Democrats are expected to win a hollow House majority in 2026, but the party’s prospects for 2028 look far less certain. Now the biggest hurdle is redistricting: a process in which the GOP has taken a decisive lead in recent years, notably with the Supreme Court’s decision to strike down a critical provision of the Voting Rights Act that protected minority‑friendly districts. That ruling paved the way for Republican state legislatures to eliminate at least three majority‑Black seats in the South that Democrats currently occupy.
For a political party to gain a seat in November, it must win the first major vote of the election cycle coupled with a backlash against the current president’s party. In 2018, when President Trump had his first midterm, the Democrats added 40 seats. Momentum suggests Democrats could again outperform Republicans when voters react to the incumbent office, but regaining a House majority in 2028 will require a far bigger assault on the grid, something that GOP lawmakers have been honing for a decade.

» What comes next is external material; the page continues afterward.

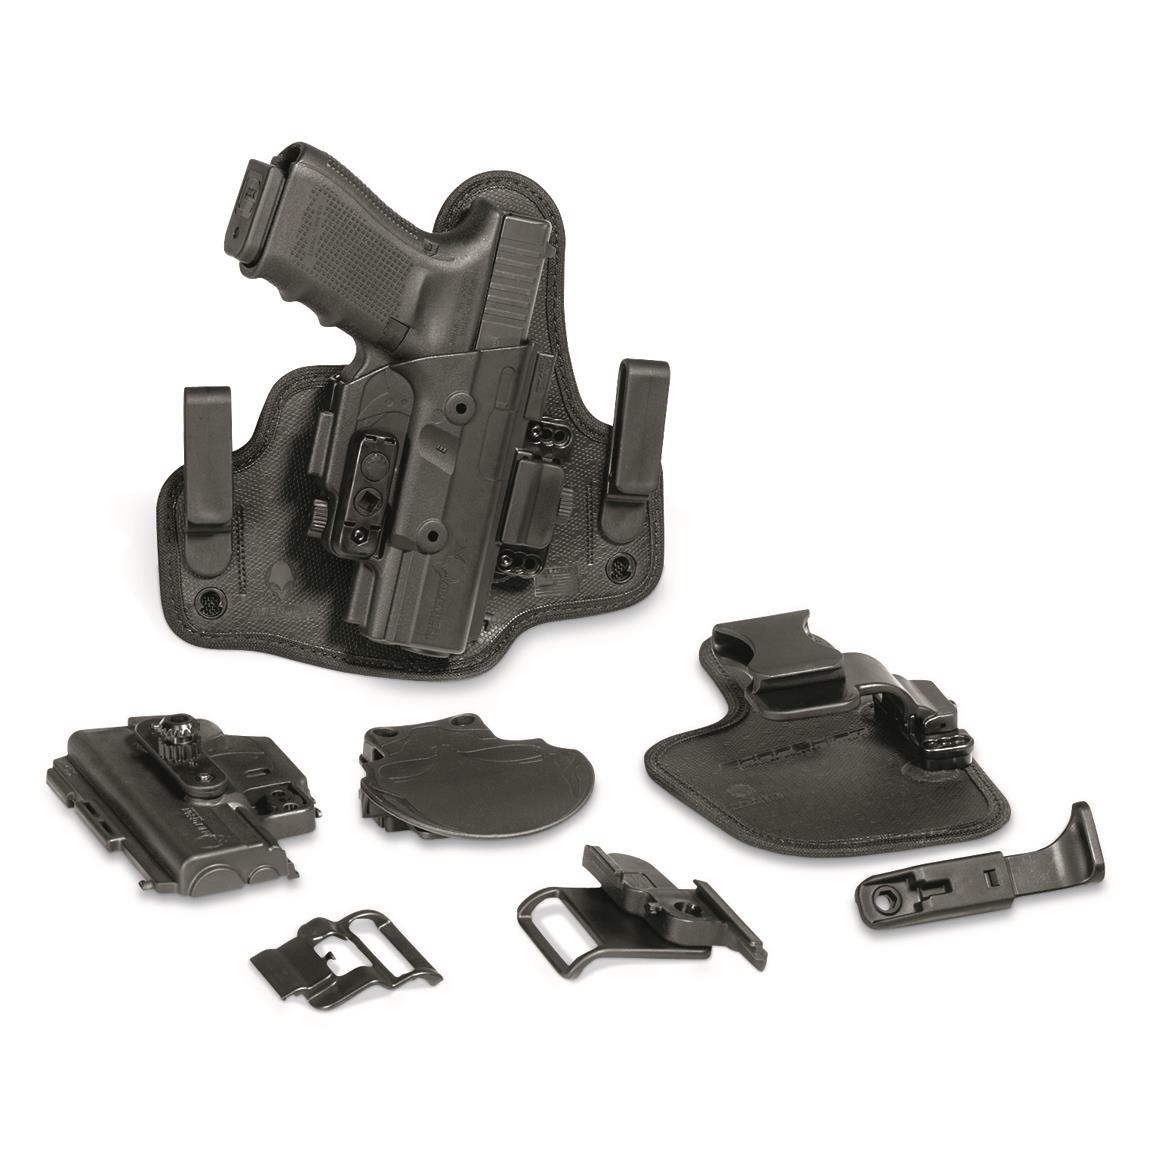 Alien Gear ShapeShift Holster Core Carry Pack, Springfield XDS 3.3"

New Census, Fresh Redistricting" style=font-weight:bold;>The 2030 Census Will Set the Stage" style=font-weight:bold;>and Will Further Shift Power Away from Democrats
After the 2030 census allocation, seats will be assigned to those states that grew the fastest. Those states are predominantly GOP‑controlled, and they could pull up to ten seats from their Democratic heartlands like California and New York. That extra advantage reinforces the GOP’s power in the House and could put the next 2028 election into a very tight contest.
John Bisogano, the executive director of the National Democratic Redistricting Committee, lamented that the prospect of a new census “makes me even more stressed to ban partisan gerrymandering at the federal level.”'
Which States Show Promise for Democrats?" style=font-weight:bold;>The Looming Constitutional and Legislative Challenges
Republicans have a number of legal hoops to navigate, too. In Florida, that state’s new map rides on a conservative majority court that removed the state’s prohibition on partisan gerrymandering. Democrats, by contrast, face a far more complex landscape of constitutional amendments and partisan politics. Only Illinois and Oregon offer perhaps a clearer path to a redesigned map without legal blockers.
In Colorado, New York, and New Jersey, Democrats stand to carve out close‑to‑double–digit gains – but only if they can overturn an existing constitutional agreement that keeps a working independent redistricting commission in place. Washington state offers Democrats a chance only if they win a two‑thirds majority of the legislature in the upcoming November elections, a highly ambitious target.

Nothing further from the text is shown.